Unfortunately, it’s not yet clear which automakers will support the coolest, securest version of this tech: UWB. It uses small, standardized beacon-like pulses of low-power energy, preferably from multiple parts of your car at once, to figure out exactly where you are in relation to your car’s handle from a sizable distance away.
Samsung says with the new digital keys, “you’ll be able to unlock your car door when you reach it, no sooner, no later,” but I’m pretty sure it’s only referring to UWB there. The fallback is NFC, where you’d likely need to pull your phone out and tap it to your car, like you do with tap-to-pay NFC transactions today.
Samsung also showed off how the tech can let you find your car in a crowded parking lot, with an augmented reality viewfinder it says it’s bringing to Samsung phones — but the fine print says it only works with UWB-equipped cars and UWB-enabled phones.
Every iPhone 11 and iPhone 12 comes with UWB now, but Samsung says only the Galaxy Z Fold 2, the new S21 Plus and S21 Ultra (so, not the S21?), and the “Galaxy Note 20+” (presumably referring to the Note 20 Ultra, which has UWB) will support the AR viewfinder.
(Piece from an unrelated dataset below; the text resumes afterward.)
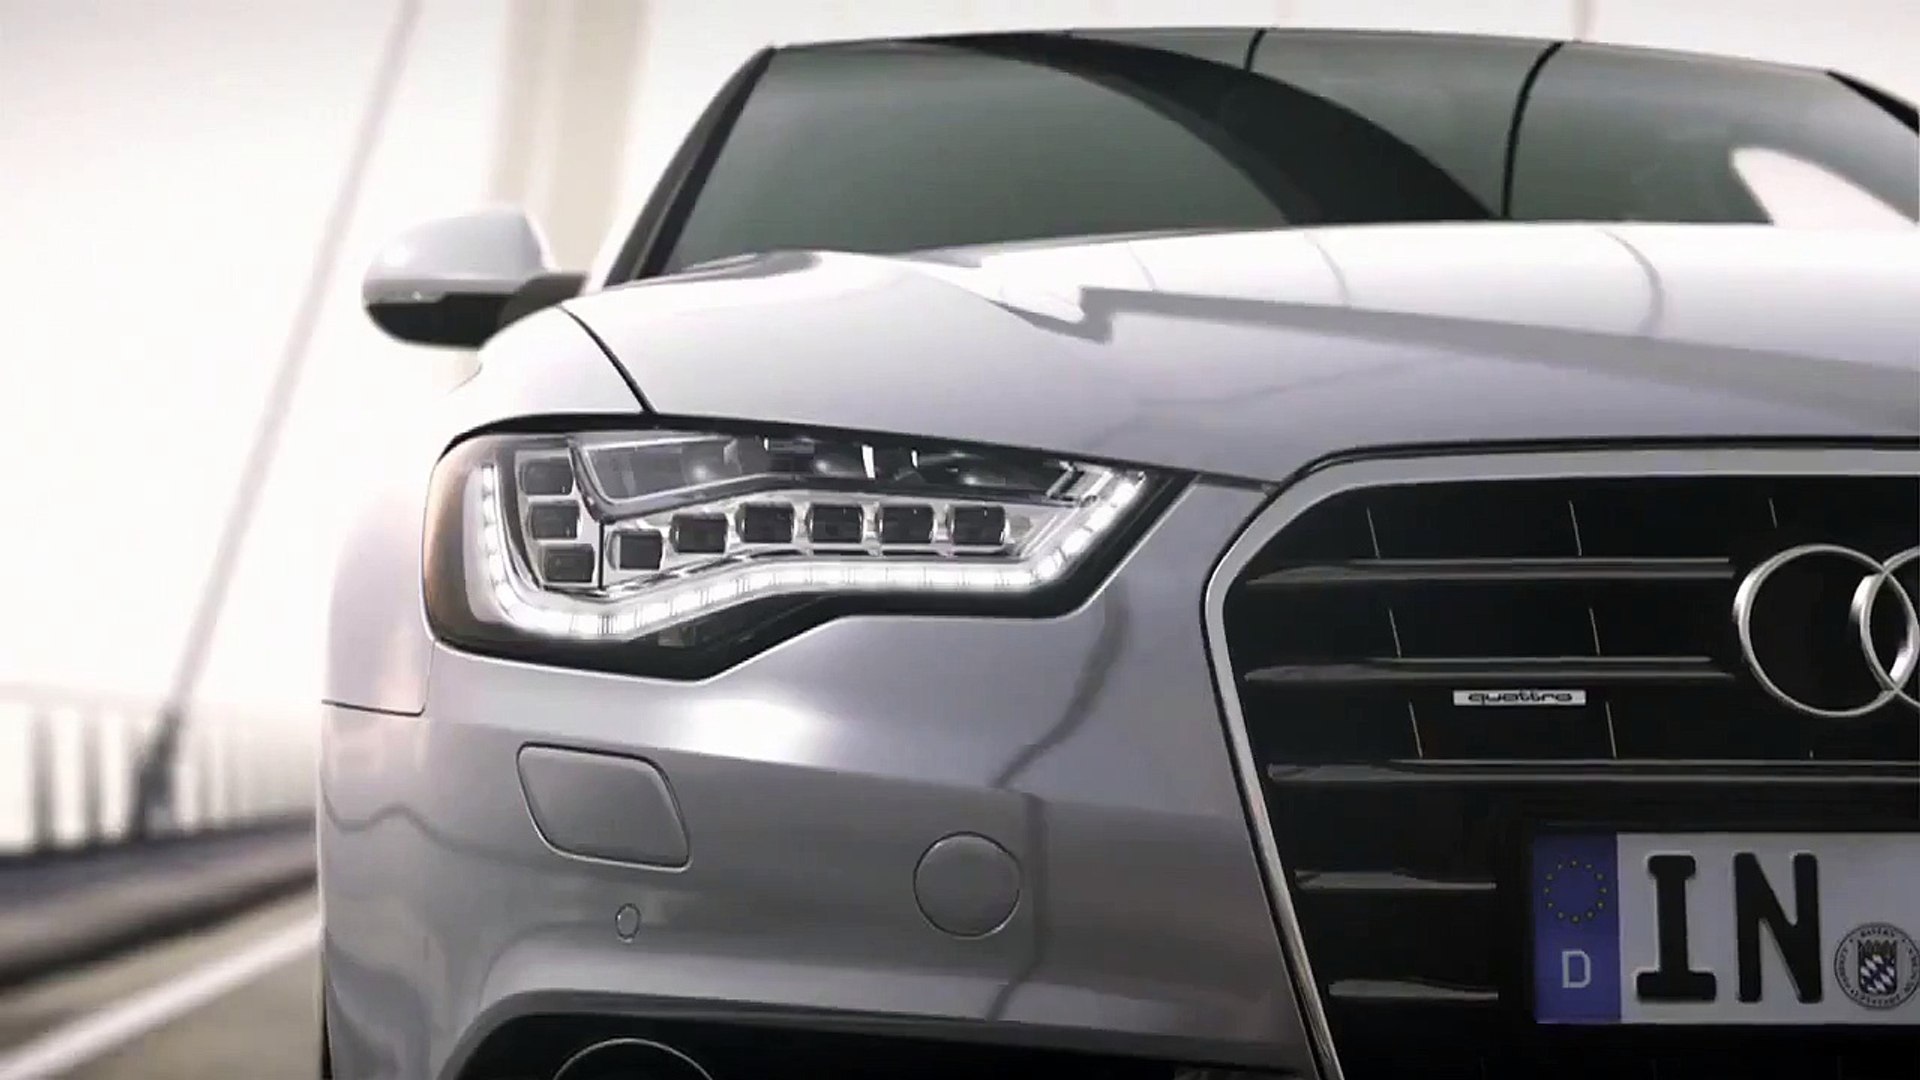 Audi A6 2011 - LED Headlights promo - video Dailymotion

Apple is also waiting for carmakers to adopt UWB and had to roll out its own version of digital car keys with NFC to start, and only on the 2021 BMW 5 Series. But BMW announced earlier today that it’ll support UWB, branded as “Digital Key Plus,” with the electric BMW iX.
Samsung’s also introducing a UWB-based tracking tag for finding your lost gadgets later this year, though — like the car keys — it’s starting off with a less impressive Bluetooth version instead that won’t let you locate them as precisely.